Politeknik Negeri Jember (Polije) terus memperkuat perannya dalam mendukung ketahanan pangan nasional melalui inovasi di bidang pendidikan vokasi. Dalam podcast Resona Scientech yang digelar di kampus Polije, Direktur Polije Saiful Anwar, S.TP., M.P. memaparkan berbagai upaya kampus dalam mengembangkan produk pangan berbasis protein hewani, salah satunya melalui program Teaching Factory (Tefa) Milk.
Menurut Saiful Anwar, Polije berkomitmen untuk fokus pada bidang agro-technotropika yang menjadi kekuatan utama perguruan tinggi vokasi tersebut.
“Bangsa Indonesia tidak akan pernah bergeser sebagai bangsa agraris. Karena itu, Polije berkomitmen memperkuat ketahanan pangan dari hulu hingga hilir, terutama lewat inovasi produk berbasis peternakan dan pangan hewani,” ujarnya.
Ia menjelaskan, konsep Teaching Factory menghadirkan suasana industri di lingkungan kampus agar mahasiswa dapat belajar sesuai dengan standar kerja industri sesungguhnya. Salah satu hasil nyata dari konsep tersebut adalah Tefa Milk, sebuah unit pembelajaran berbasis industri yang memproduksi susu pasteurisasi dan susu UHT.
“Melalui Tefa Milk, mahasiswa tidak hanya belajar teori, tetapi juga langsung terlibat dalam proses produksi, riset, dan pengembangan produk. Inilah bentuk nyata pembelajaran vokasi yang aplikatif,” jelas Saiful.
Tefa Milk kini telah menjadi pusat riset dan inovasi produk susu yang melibatkan dosen, mahasiswa, serta mitra industri. Beberapa perusahaan besar seperti PT Greenfields dan Mitra Tani 27 telah menjalin kerja sama dengan Polije untuk mengembangkan produk susu dan kemasan yang lebih inovatif.
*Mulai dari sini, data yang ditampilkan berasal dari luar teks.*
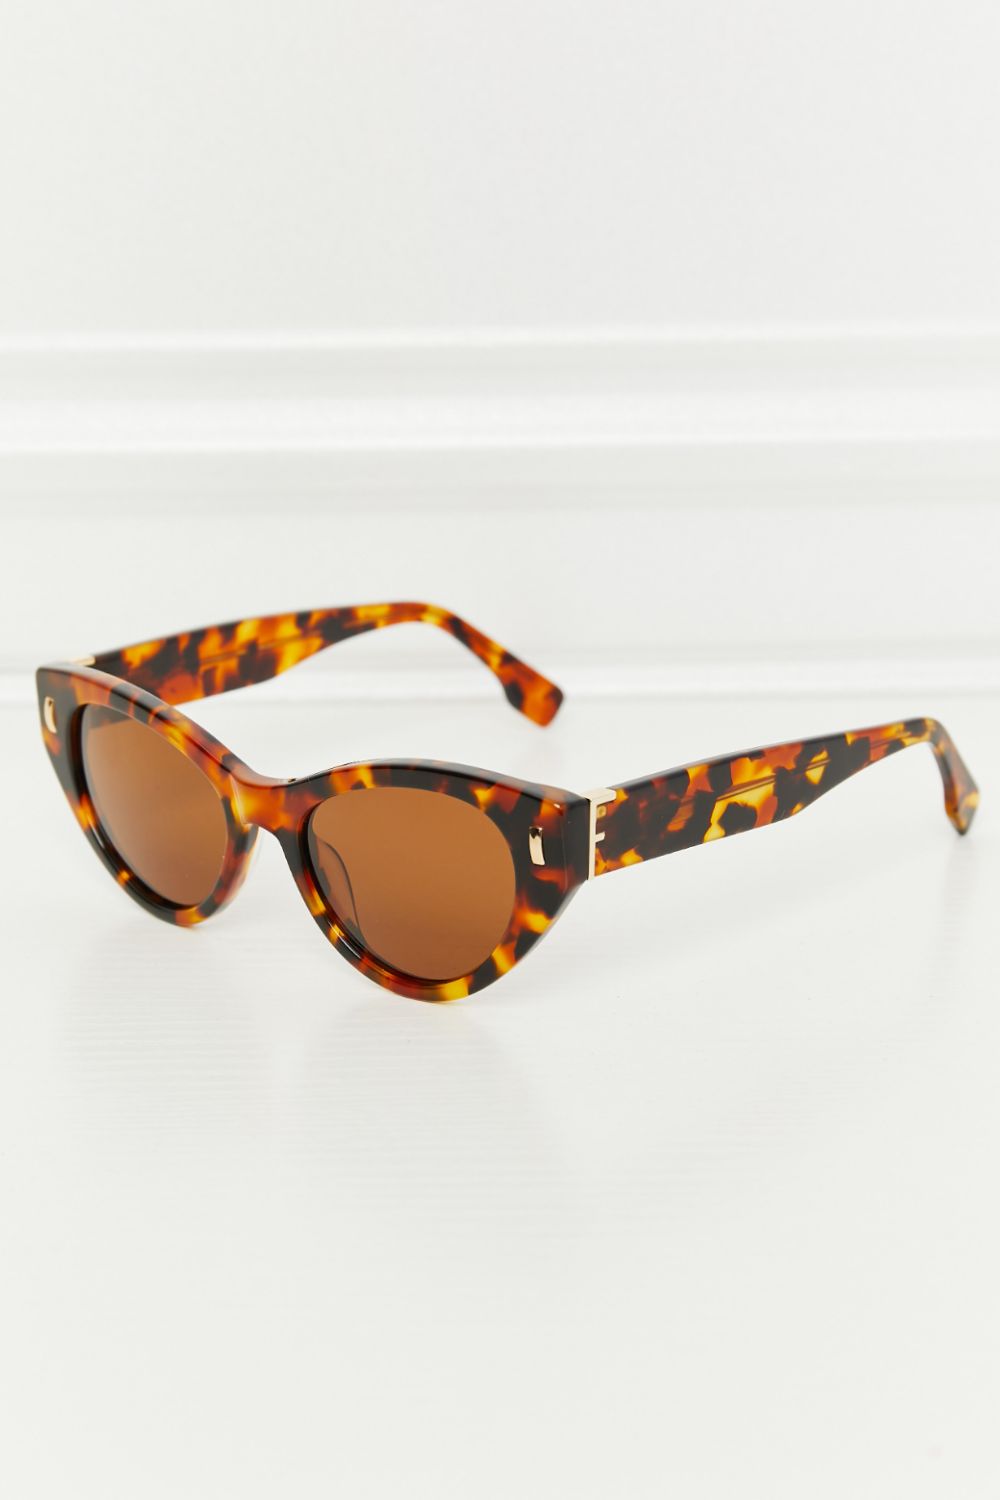 Uylee's Boutique Tortoiseshell Acetate Frame Sunglasses
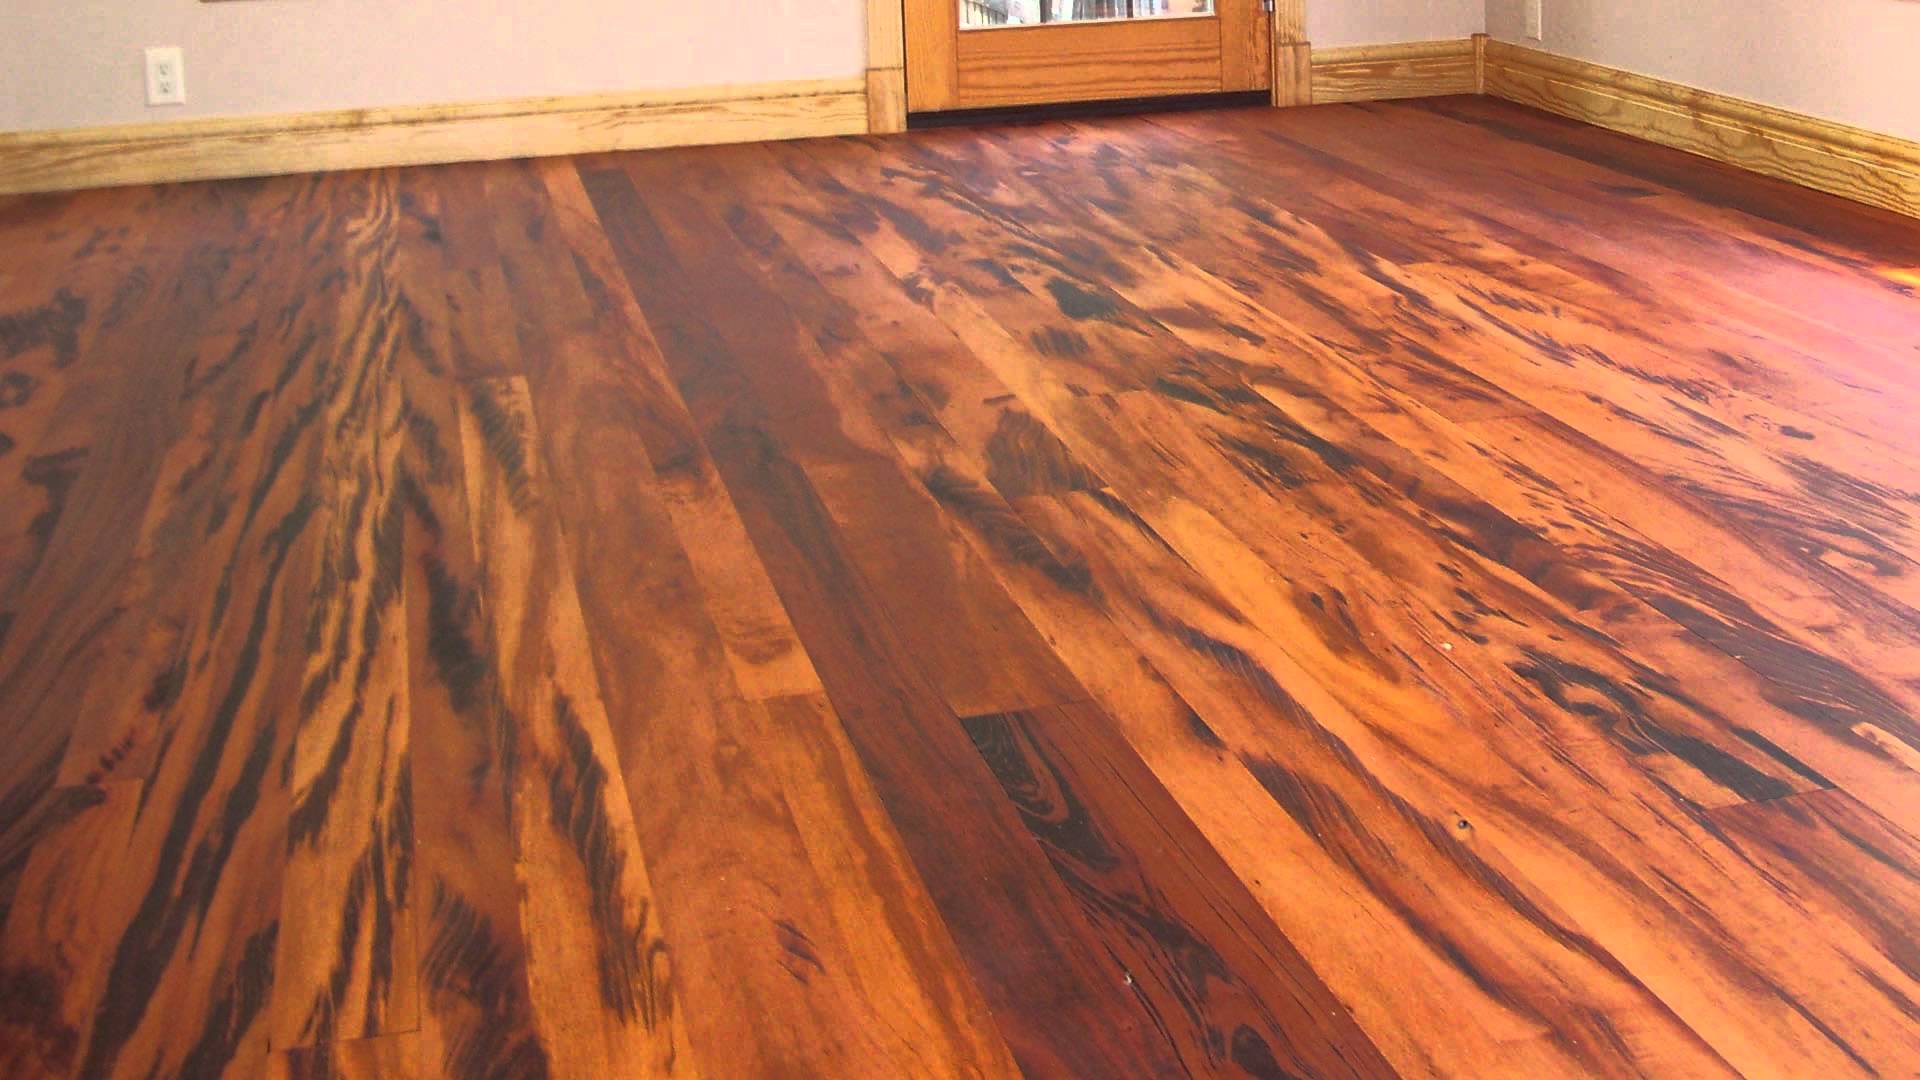 Canareno Professional Renovation Flooring, Brazilian Koa Hardwood Flooring Reviews

Selain itu, Saiful menambahkan bahwa Polije juga membuka peluang kemitraan dengan masyarakat, khususnya peternak sapi perah, dalam penyediaan bahan baku susu segar.
“Kami ingin agar inovasi yang lahir di kampus tidak berhenti di laboratorium. Melalui pemberdayaan peternak lokal, Tefa Milk bisa menjadi jembatan antara dunia pendidikan, industri, dan masyarakat,” tuturnya.
Dengan kapasitas produksi mencapai 10.000 botol per proses, Tefa Milk diharapkan mampu menjadi model pengembangan industri kecil menengah berbasis kampus yang berorientasi pada riset dan pengabdian masyarakat.
Saiful menegaskan bahwa keberadaan Tefa Milk bukan hanya mendukung pembelajaran mahasiswa, tetapi juga memperkuat implementasi Tridharma Perguruan Tinggi.
“Kami ingin Polije menjadi pusat inovasi vokasi yang berdampak nyata bagi masyarakat, sekaligus mendorong kemandirian pangan nasional,” pungkasnya.